Nucleic Acids Research Advance Access originally published online on October 11, 2007
Nucleic Acids Research 2008 36(Database issue):D943-D946; doi:10.1093/nar/gkm798
| ||||||||||||||||||||||||||||||||||||||||||||||||||||||||||||||||||||
Nucleic Acids Research, 2008, Vol. 36, Database issue D943-D946
© 2007 The Author(s)
This is an Open Access article distributed under the terms of the Creative Commons Attribution Non-Commercial License (http://creativecommons.org/licenses/by-nc/2.0/uk/) which permits unrestricted non-commercial use, distribution, and reproduction in any medium, provided the original work is properly cited.
This article appears in the following Nucleic Acids Research issue: Database issue [View the issue table of contents]
Articles |
The Generation Challenge Programme comparative plant stress-responsive gene catalogue
1Crop Research Informatics Laboratory – International Rice Research Institute (IRRI), DAPO Box 7777, Metro Manila, Philippines, 2National Center for Genetic Engineering and Biotechnology, 113 Thailand Science Park, Phahonyothin Road, Klong 1, Klong Luang, Pathumthani 12120, Thailand, 3Centre International de Recherche Agronomique pour le Développement (CIRAD), Avenue Agropolis, 34398 Montpellier, Cedex 5, France, 4Bioversity International, Via dei Tre Denari 472/a, 00057 Maccarese, Rome, Italy, 5Department of Bioengineering, University of California, 473 Evans Hall #1762, Berkeley, CA 94720, USA and 6Wageningen Universiteit & Researchcentrum (WUR), 6700 HB Wageningen, Germany
* To whom correspondence should be addressed. Tel: +63 2 580 5600; Fax: +63 2 580 5699; Email: r.bruskiewich{at}cgiar.org
Received August 14, 2007. Revised September 16, 2007. Accepted September 17, 2007.
| ABSTRACT |
|---|
|
|
|---|
The Generation Challenge Programme (GCP; www.generationcp.org) has developed an online resource documenting stress-responsive genes comparatively across plant species. This public resource is a compendium of protein families, phylogenetic trees, multiple sequence alignments (MSA) and associated experimental evidence. The central objective of this resource is to elucidate orthologous and paralogous relationships between plant genes that may be involved in response to environmental stress, mainly abiotic stresses such as water deficit (drought). The web-based graphical user interface (GUI) of the resource includes query and visualization tools that allow diverse searches and browsing of the underlying project database. The web interface can be accessed at http://dayhoff.generationcp.org.
| INTRODUCTION |
|---|
|
|
|---|
Comparative biology provides valuable insights into organismal function and evolution, highlighting the divergence and conservation of gene families and biological processes. In order to cross-reference genes from one species to other related species, accurate predictions of orthologous and paralogous relationships are necessary. Such cross-referencing potentially permits researchers to infer the molecular functions of genes lacking such annotation from experiments in other, better-characterized organisms. Paralogous genes arising from ancient duplication events are likely to have diverged in function, whereas orthologous genes with common ancestry separated only by speciation are more likely to retain identical or highly similar function over evolutionary time (1,2). Such orthologous and paralogous gene loci almost invariably share some common molecular characteristics; thus, important inferences of function may be possible once these relationships are clearly defined.

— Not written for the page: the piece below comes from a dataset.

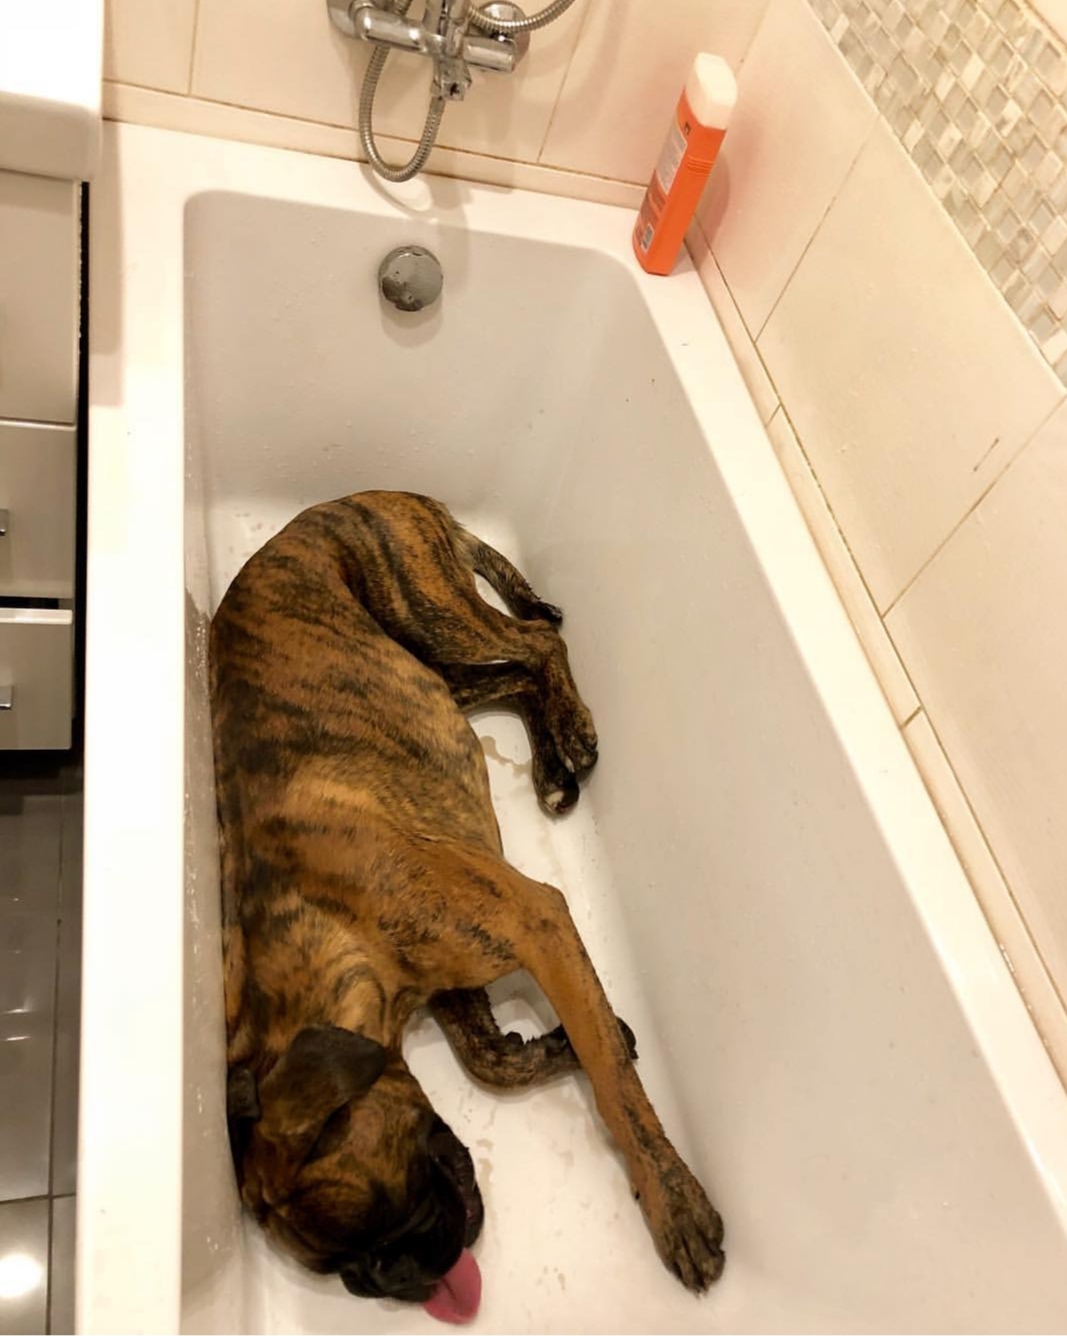 A Boxer sleeping in the bathtub with its tongue out

The Generation Challenge Programme (GCP; www.generationcp.org) is a global crop research consortium striving to apply comparative genomics and molecular analysis to plant genetic resources to enhance efforts in plant breeding for plant stress tolerance. Clustering of orthologous genes across multiple crop species is a powerful strategy for the identification of stress-responsive gene loci and their corresponding alleles of high agronomic value, for application in breeding for stress tolerance.
To facilitate cross-species gene functional analysis, the GCP commissioned a project to assemble tools for the compilation and visualization of comparative information about stress-responsive genes. The result is an online resource, code-named Dayhoff, after Margaret Dayhoff, the famous early pioneer in comparative analysis of sequences.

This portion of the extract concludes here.